#ubuntu-autopilot 2015-02-09
<gadago> hi all
<gadago> I'm trying to test out ubuntu openstack using the auto-pilot installer (I have maas up and running) but seem to have got stuck
<gadago> I'm at the "Bootstrapping Juju" part, my node boots just fine and the cloud-init script runs, but when it finishes, it just sits there and the auto-pilot install still says Bootstrapping Juju: xxx time elapsed couting up
<gadago> any idea?
<gadago> I've been following the guide here http://www.ubuntu.com/download/cloud/install-ubuntu-openstack
<gadago> could anyone help me with the ubuntu openstack installer?
<gadago> no matter what install type i choose (Autopilot, Multi, Single) I can't get passed "Bootstrapping Juju"
<gadago> MAAS start the installer, etc, etc, seems to create network bridge for Juju, all seems to okay, but then just sits there at the login prompt
<gadago> the openstack installer just continues to say "Bootstrapping Juju"

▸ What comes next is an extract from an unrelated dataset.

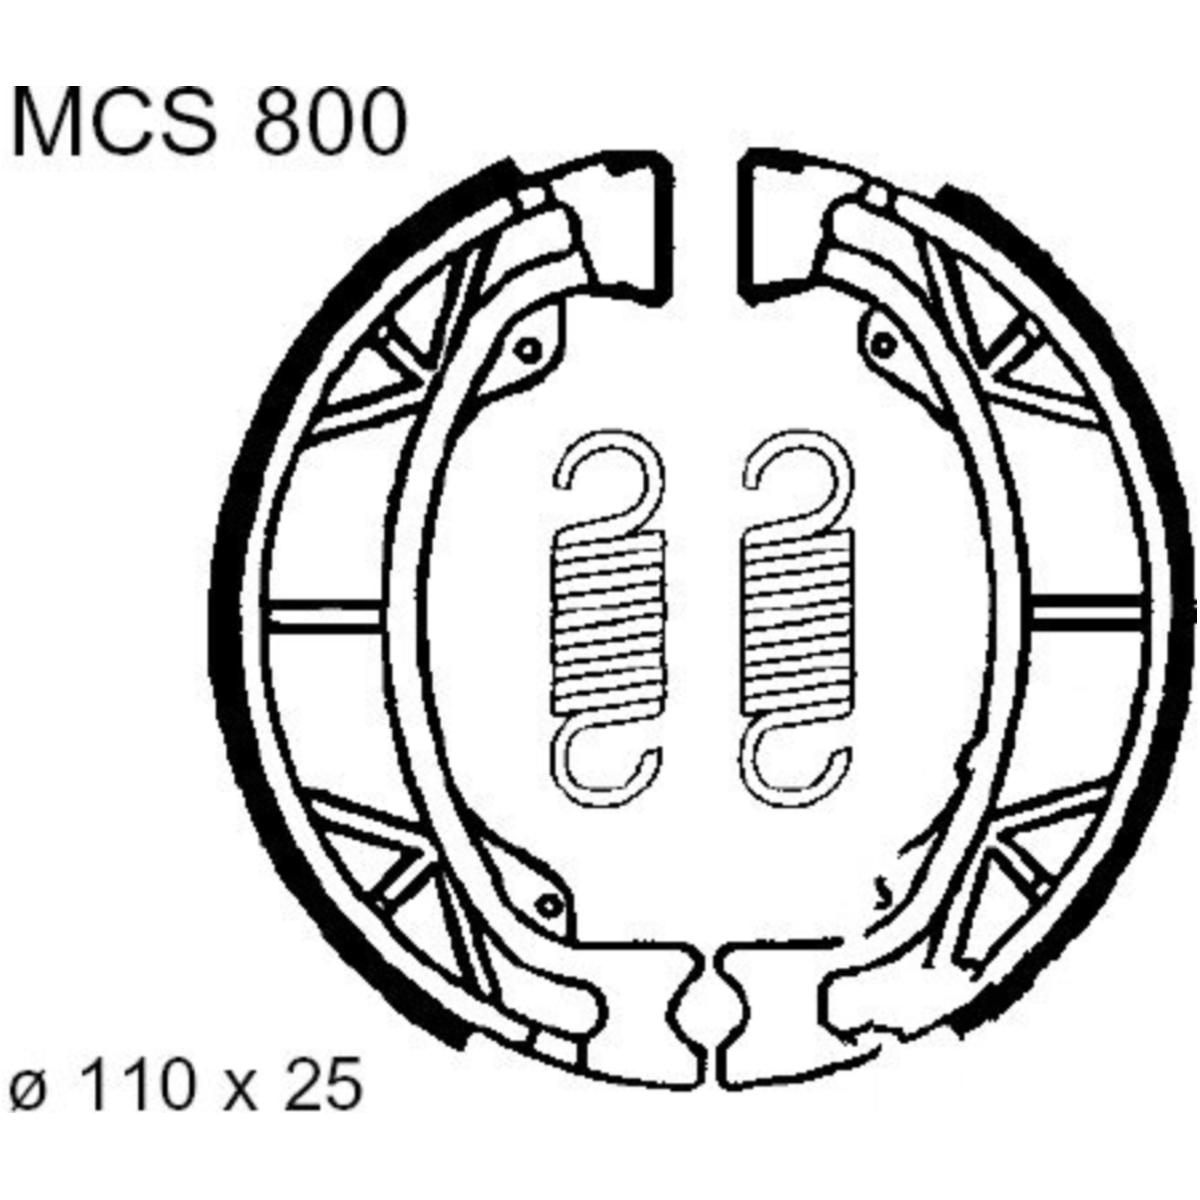 Peugeot Buxy Wiring Diagram Data Xps Brake Shoes Inc Springs Trw Mcs800 19493 Rh Biketeile Service De Cinema

<gadago> no idea what I'm doing wrong
<balloons> gadago, probably best to ask in #juju or #ubuntu-server
<gadago> balloons, thanks
<balloons> your welcome, good luck!
<balloons> bah; you're
#ubuntu-autopilot 2015-02-11
<MacSlow> Greetings folks!
<MacSlow> I'm wondering which package does provide the python-bits so importing ubuntuuitoolkit works... the obvious choices don't seem to help
<elopio> MacSlow: ubuntu-ui-toolkit-autopilot
<MacSlow> elopio, already solved... thanks
<elopio> MacSlow: remember to ping ubuntu-qa, we all have it configured to highlight the message.

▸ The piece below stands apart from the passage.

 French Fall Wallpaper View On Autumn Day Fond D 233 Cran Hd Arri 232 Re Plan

<MacSlow> elopio, ah... good to know thx
#ubuntu-autopilot 2016-02-18
<Razva> is there any way to tail a juju deployment via autopilot? I cannot really find any logs of the ingoing installation...
<dobey> Razva: i presume you're asking about openstack stuff. you probably want #ubuntu-openstack. this channel is for the automated testing framework named autopilot
#ubuntu-autopilot 2016-02-19
<Razva> any idea if MAAS + Autopilot will create a NAT for the LAN nic, or should I manually create it?
<dobey> i guess my response to that was ignored
<balloons> heh. We need something in topic honestly
<dobey> "This is not the autopilot you are looking for."